Grâce à la politique matrimoniale, il consolida les frontières, étendit son influence sur la Syrie et maintint des relations avec le Mitanni, qui devinrent encore plus étroites après son arrivée au pouvoir à Tushratta, comme en témoignent les célèbres "lettres d'Amarna", documents décrivant les relations politiques de l'époque.
Tiyi a également entretenu des relations diplomatiques personnelles avec des dirigeants étrangers, comme on peut le déduire des inscriptions et de la correspondance susmentionnée, en particulier la lettre EA 26, dans laquelle Tushratta lui répond directement que, apparemment, elle souhaitait s'assurer que de bonnes relations entre leurs royaumes soient maintenues après la mort du pharaon : "Tu sais que j'ai toujours eu de l'amitié pour ton mari et que ton mari a toujours eu de l'amitié pour moi ... Vous êtes celui qui sait le mieux tout ce que nous nous sommes dit.
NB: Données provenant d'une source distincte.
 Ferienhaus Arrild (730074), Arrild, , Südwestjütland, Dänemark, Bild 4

Personne d'autre ne le sait."
La Grande Épouse Royale passait beaucoup de temps dans son palais, où elle disposait d'un complexe appelé "la Maison de la Reine", composé de services médicaux, d'entrepôts, de boutiques et d'ateliers d'orfèvres, de menuisiers, de boulangers, de brasseurs et même d'un trésor, géré par des majordomes dont Kherouef.
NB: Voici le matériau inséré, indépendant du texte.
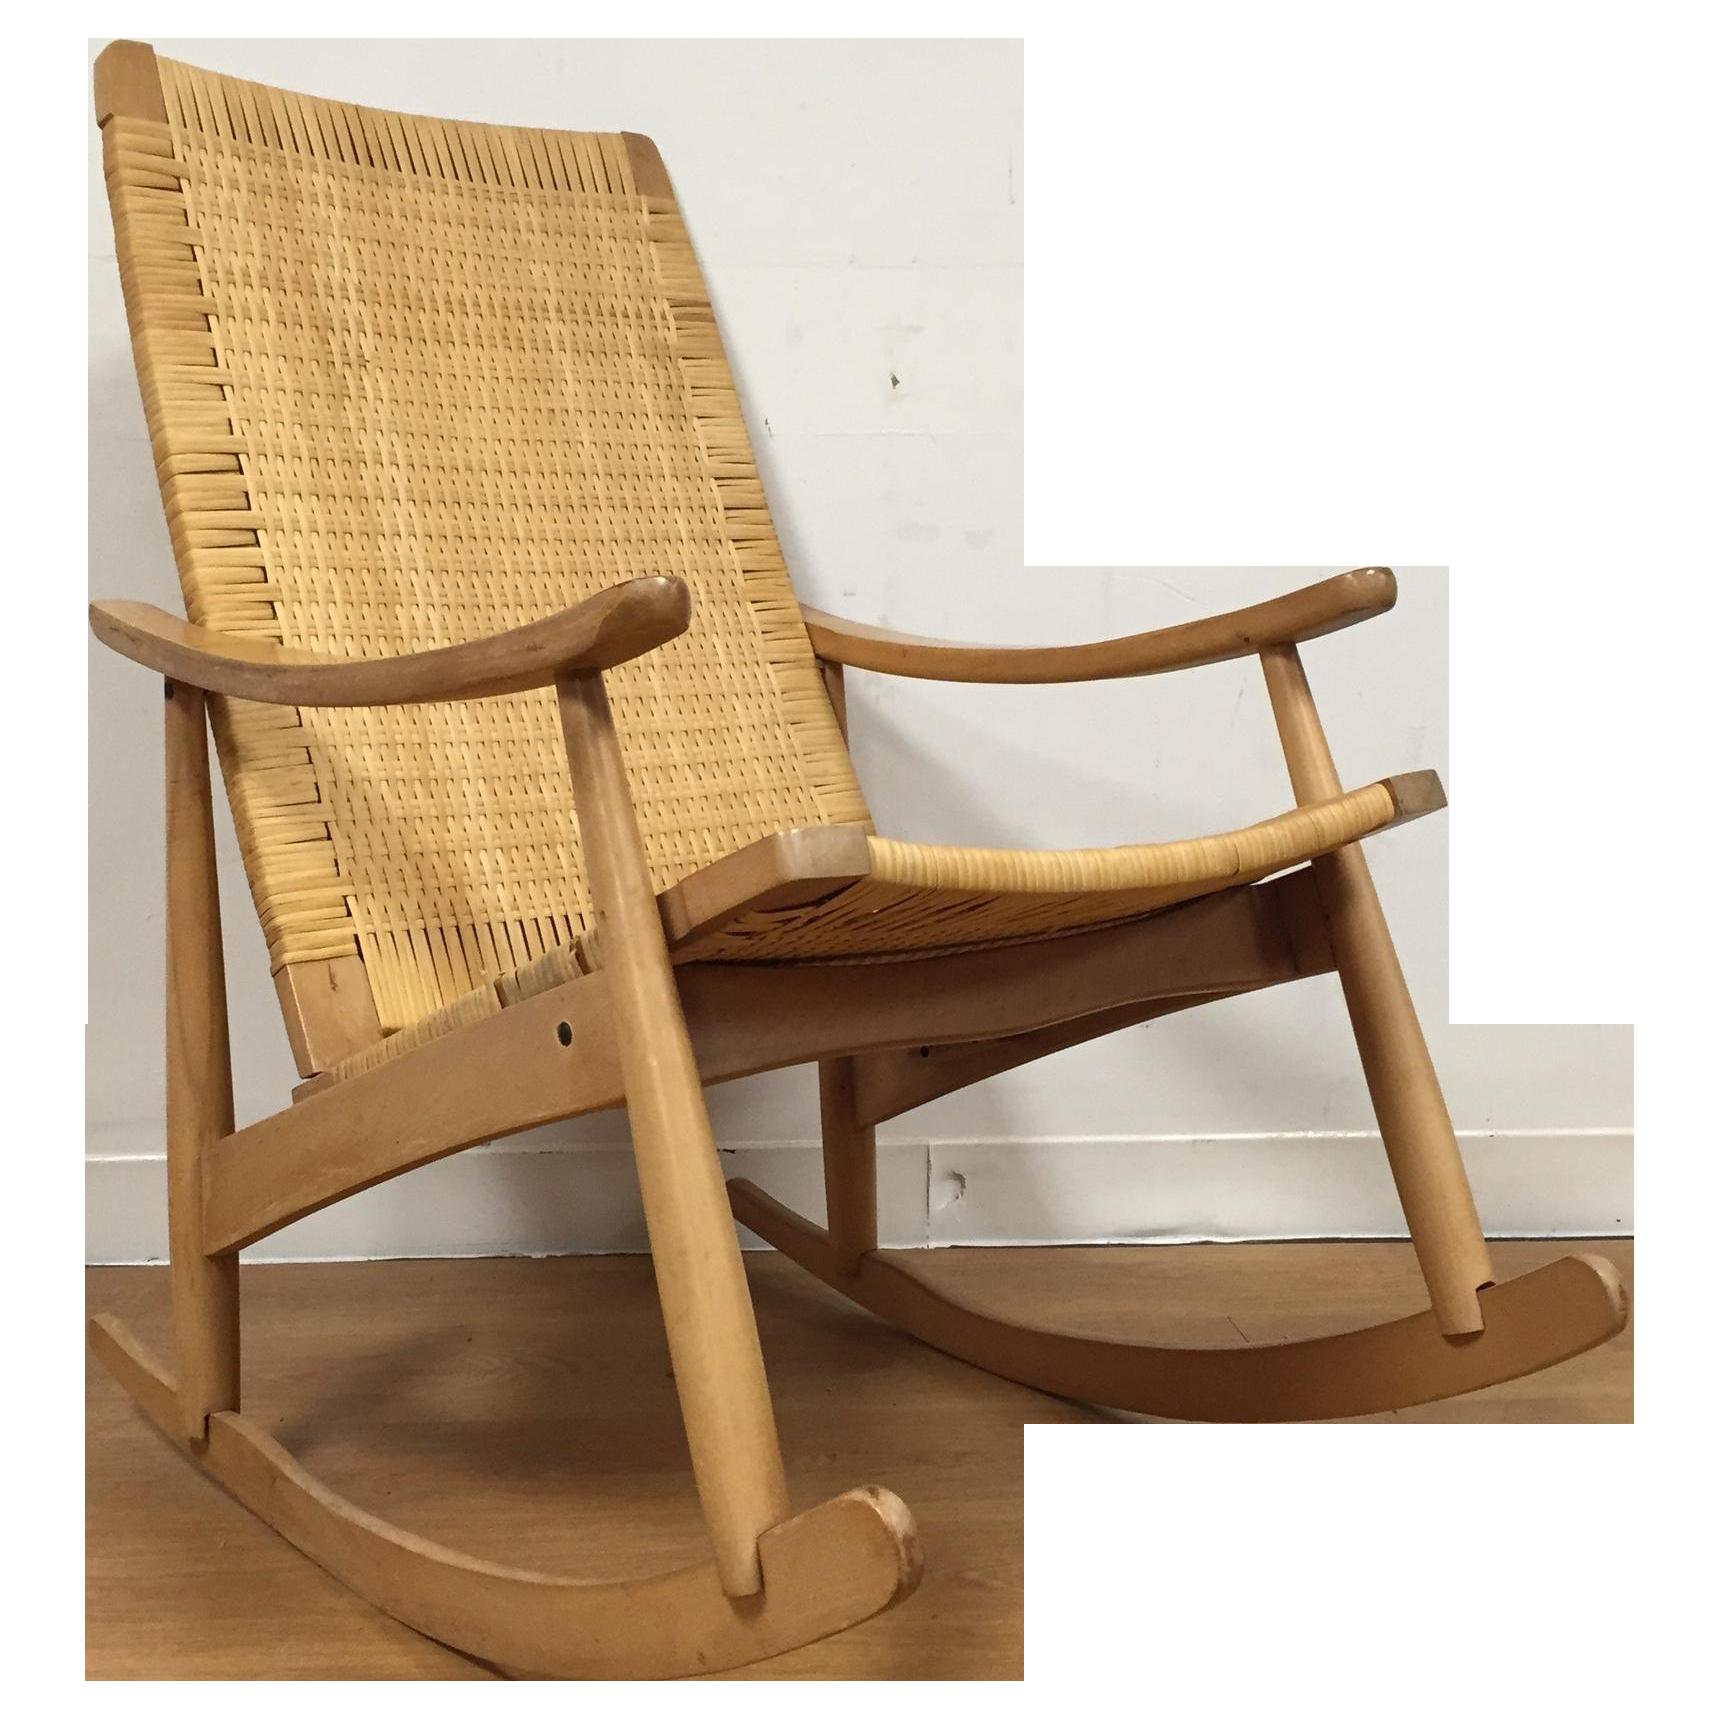 home fabric p christopher by mid rocking src braant century chair knight prod com ostkcdn

Tiyi donna à Amenhotep III cinq filles (Sitamon, Henuttaneb, Isis, Nebeta et Beketaten) et deux garçons (Tutmosis l'héritier normal du trône d'Horus, qui mourut jeune, et Amenhotep).
À la mort d'Amenhotep III, Tiyi fit graver une série de scarabées commémoratifs : "La Grande Épouse Royale Tiyi façonna cet objet qui lui appartient, pour son frère bien-aimé, le Pharaon", prit le titre de Mère des Rois et devint co-régente de son fils Amenhotep IV, continuant à maintenir le contact diplomatique avec Tushratta ; le nouveau pharaon régna d'abord depuis Malkata et suivit les traces de son père, mais, dans la cinquième année de son règne, il introduisit une réforme politique basée sur le culte d'Aton, changea son nom en Akhenaton et s'installa avec ses loyalistes à Akhetaton, la ville qu'il avait construite de toutes pièces dans le désert.
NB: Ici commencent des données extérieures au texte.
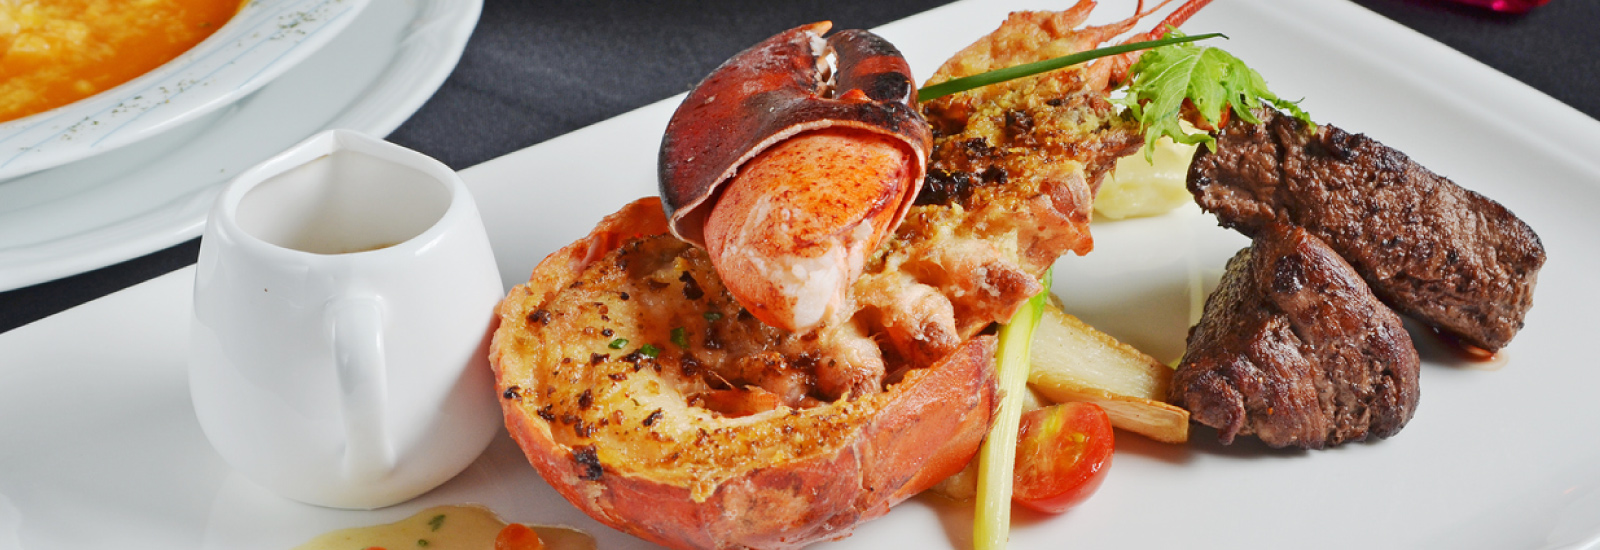 Steak And Seafood Restaurants in Virginia Beach

Bien qu'il n'y ait aucune preuve que Tiyi partageait les nouvelles idées religieuses de son fils, il semble qu'il l'ait soutenu dans sa réforme, probablement parce qu'il s'est rendu compte qu'il réduisait considérablement le pouvoir du clergé d'Amon, qui au fil du temps avait considérablement augmenté et constituait un danger pour la monarchie.
La reine apparaît sur les murs de la tombe de son majordome Huya à Amarna, et au moins jusqu'à la huitième année du règne d'Amenhotep IV, elle est également présente sur les monuments de la nouvelle capitale, ce qui suggère qu'après la mort de son mari, elle a vécu en se déplaçant entre son palais à Médinet el-Ghourab, dans le Fayoum, et celui que son fils lui avait construit à Akhetaton.
Sources :
- Alan Gardiner, La civiltà egizia, Turin 1997.
- htpp://antikforever. com/Egypte/Rrines/tiyi. htm.
- Federica Ruggero pour Djed Medu. Tyie de reine à déesse.
- Joshua J. Mark, Tiye.
- Rosanna Pirelli, Les reines de l'Égypte ancienne
- Ivo Prezioso pour ses postes.
Photo par Andrea Petta.
Photo représente la reine Tiye, ...grande épouse royale d'Amenhotep III, ainsi que celle représentée dans le sacraire revêtu d'une feuille d'or trouvée dans la tombe KV55. Malheureusement ...
Le sacrement a été irrémédiablement endommagé dans l'Antiquité et la campagne d'excavation désastreuse n'a pas permis de récupérer toutes les informations que les objets dans la tombe auraient pu fournir.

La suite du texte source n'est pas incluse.